A practical application case of map reduce idea in ABAP programming

Time:2022-5-9

ABAP is an enterprise application programming language. Its 740 version was released in 2013, adding many new syntax and keywords:

A practical application case of map reduce idea in ABAP programming

One of the highlights is the newly introduced reduce keyword. The role of this keyword and widely used in the field of parallel computing of large-scale data setsMap-ReduceThe reduce operation in the programming model is similar, which can be understood literally asreduction

What is the idea of map reduce?

Map reduce is a programming model and related implementation, which is used to generate and process large-scale data sets using parallel distributed algorithms on clusters.

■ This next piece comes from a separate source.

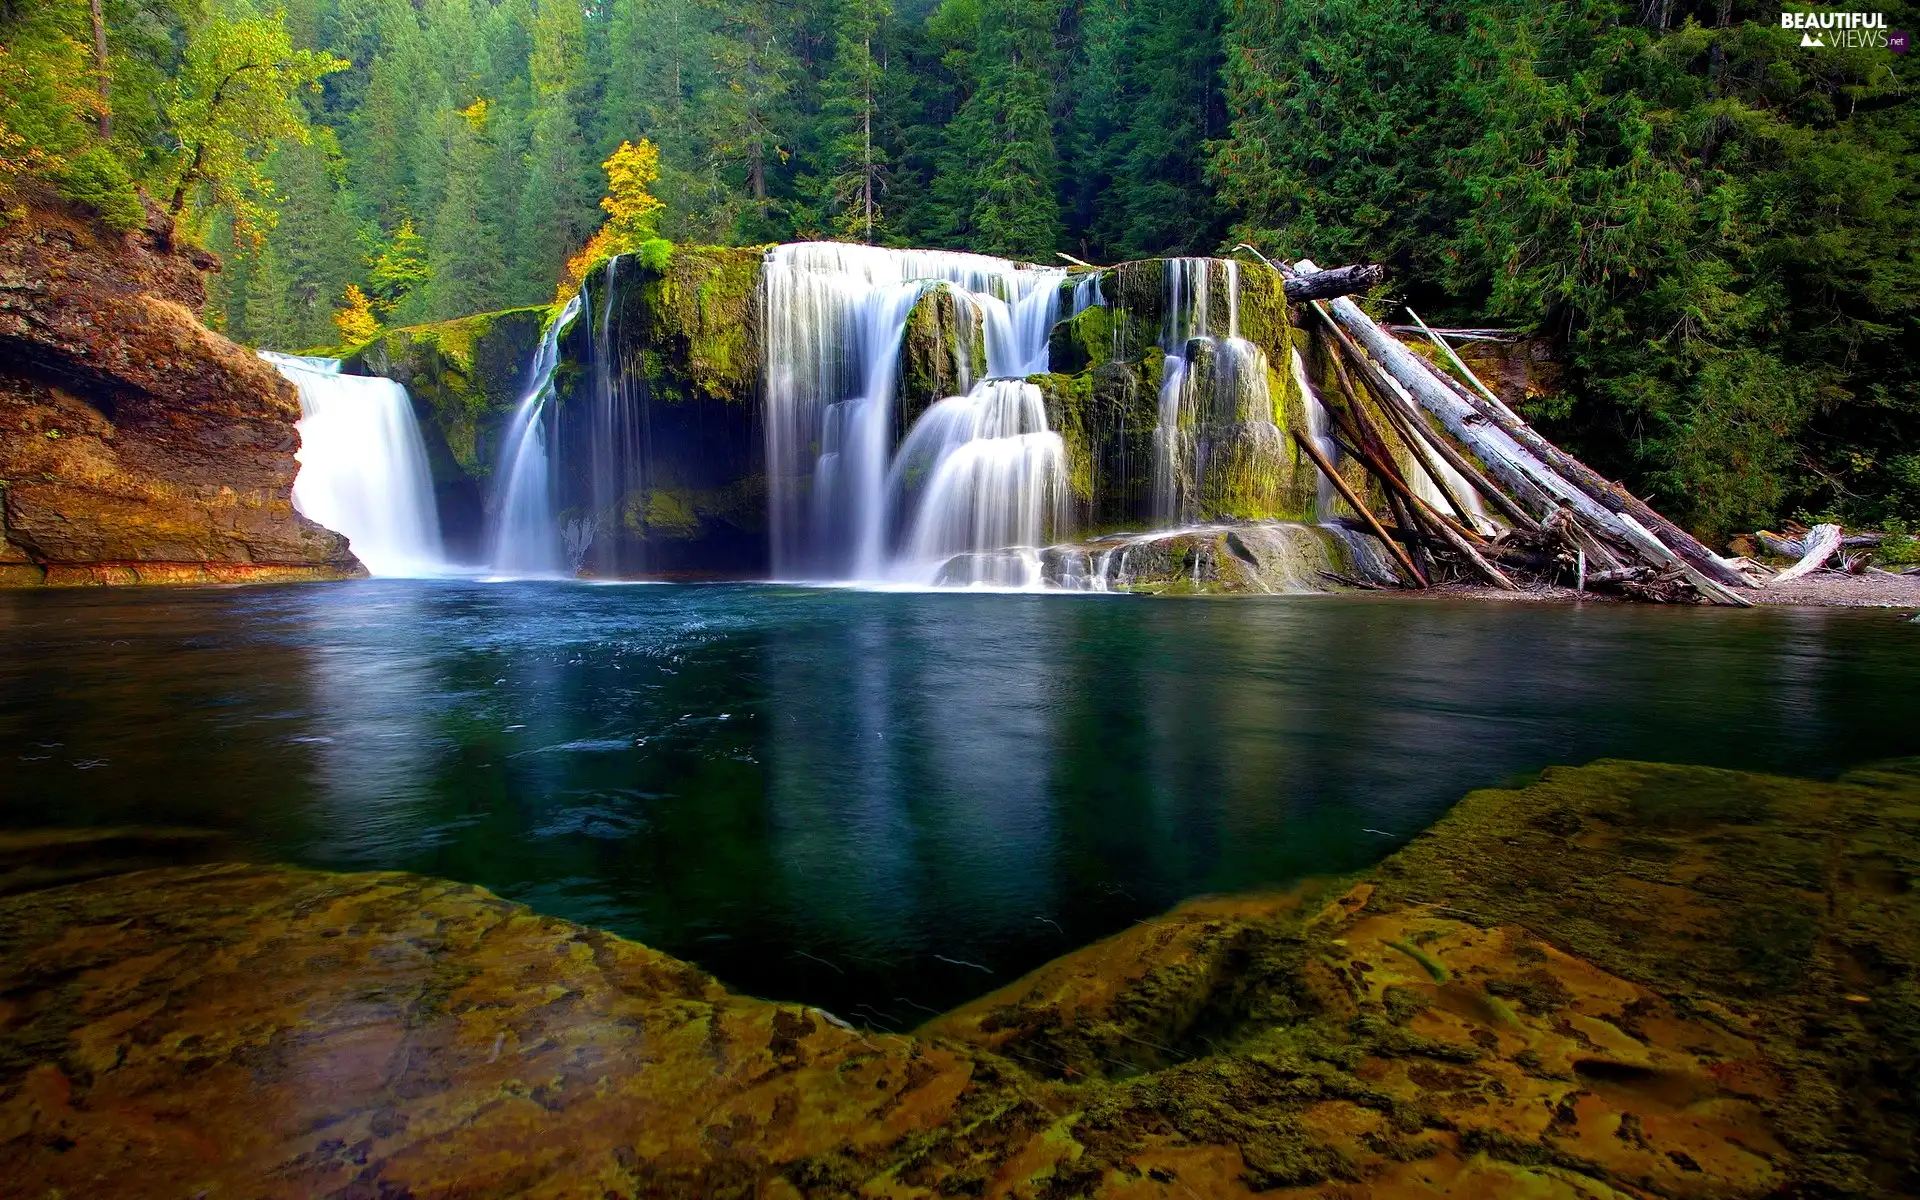 rocks, forest, waterfall

A map reduce program consists of a map process and a reduce method. The map process is responsible for filtering and sorting, such as sorting students into queues by name, and each name is maintained by a queue.

The reduce method is responsible for performing summary operations, such as calculating the number of students.
Map reduce system arranges distributed servers to run various tasks in parallel, manage all communication and data transmission between various parts of the system, provide data redundancy and realize fault tolerance mechanism.

The following figure shows the working steps of map reduce framework, which counts the number of words in a massive input data set (such as greater than 1TB). The work steps include splitting, mapping, shuffling and reducing to get the final output result.

A practical application case of map reduce idea in ABAP programming

Map reduce programming model has been widely used in tools and frameworks in the field of big data processing, such as Hadoop.

A practical application case of map reduce idea in ABAP programming

A practical application of map reduce in CRM system

Let’s look at a practical task in the author’s work. I need to make statistics on a CRM test system and list it in the database table CRM_ In jsto, the number of inner table rows with the same value in the two columns of obtyp (object type) and stsma (status schema). You can putObtyp and stsma columns are inner table rows with the same valueThis description is analogous to the repeated words in the figure above.

The following figure is the system table in the databaseCRM_JSTOPartial lines of:

A practical application case of map reduce idea in ABAP programming

The following figure shows the final statistical results completed by the author:

The total number of rows in the database table on the test system exceeds 550000, including 90279 rows. Only obtyp is maintained as TGP, but stsma is not maintained

The combination of COH and crmlead ranked second, with 78722 occurrences.

A practical application case of map reduce idea in ABAP programming

How is the result of the above figure calculated?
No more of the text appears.